八分ほど茹でたものを、一度湯から上げておき、次にフライパンに火を掛ける。
焼きうどんに合いそうな肉と水で洗った野菜を、適度な大きさに切り分け熱したフライパンで炒めていく。
塩胡椒で味を調え肉と野菜に火が通ったら、先ほど茹でたうどんをフライパンに入れ具材と絡める。

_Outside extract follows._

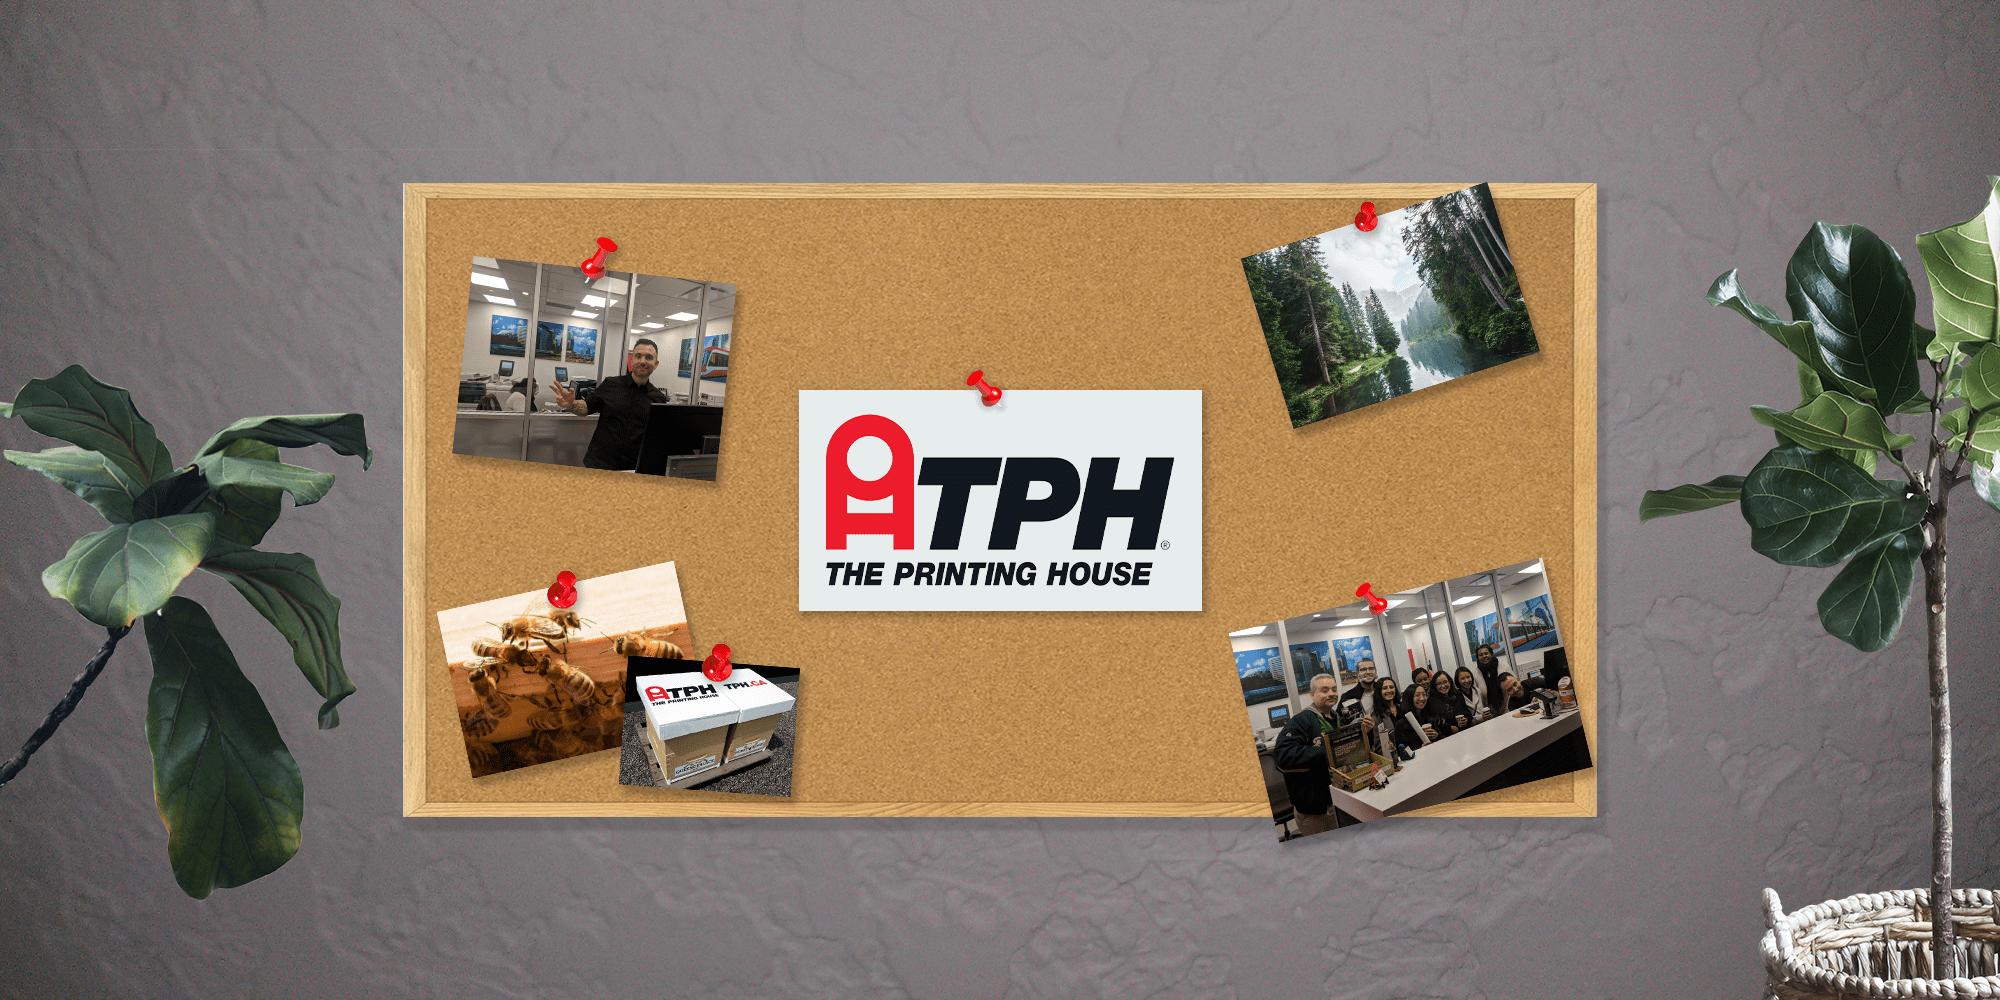 PDT meets TPH

十分に混ぜ合わさったところで、上から醤油を適量垂らしながらしばらく炒めていけば完成である。
【焼きうどん】
茹でた手打ちうどんに肉と野菜を加え、醤油で炒めたもの。
コシのあるうどんと肉と野菜が絶妙にマッチした一品。……個人的にはご飯と一緒に食べたいですね。
製作者:不明 レア度:☆☆☆
完成度的には星三つなのでもう少し改良の余地はありそうだとジューゴは判断するが、とりあえず試作品程度の調理のため、さっそく試食することにした。
「では、いただくとしよう」
「クエ!」
クーコと一人前の焼きうどんを半分こして、さっそく試食してみた。
口の中に入れると、野菜と肉の旨味がうどんに絡まり三位一体のハーモニーを奏でている。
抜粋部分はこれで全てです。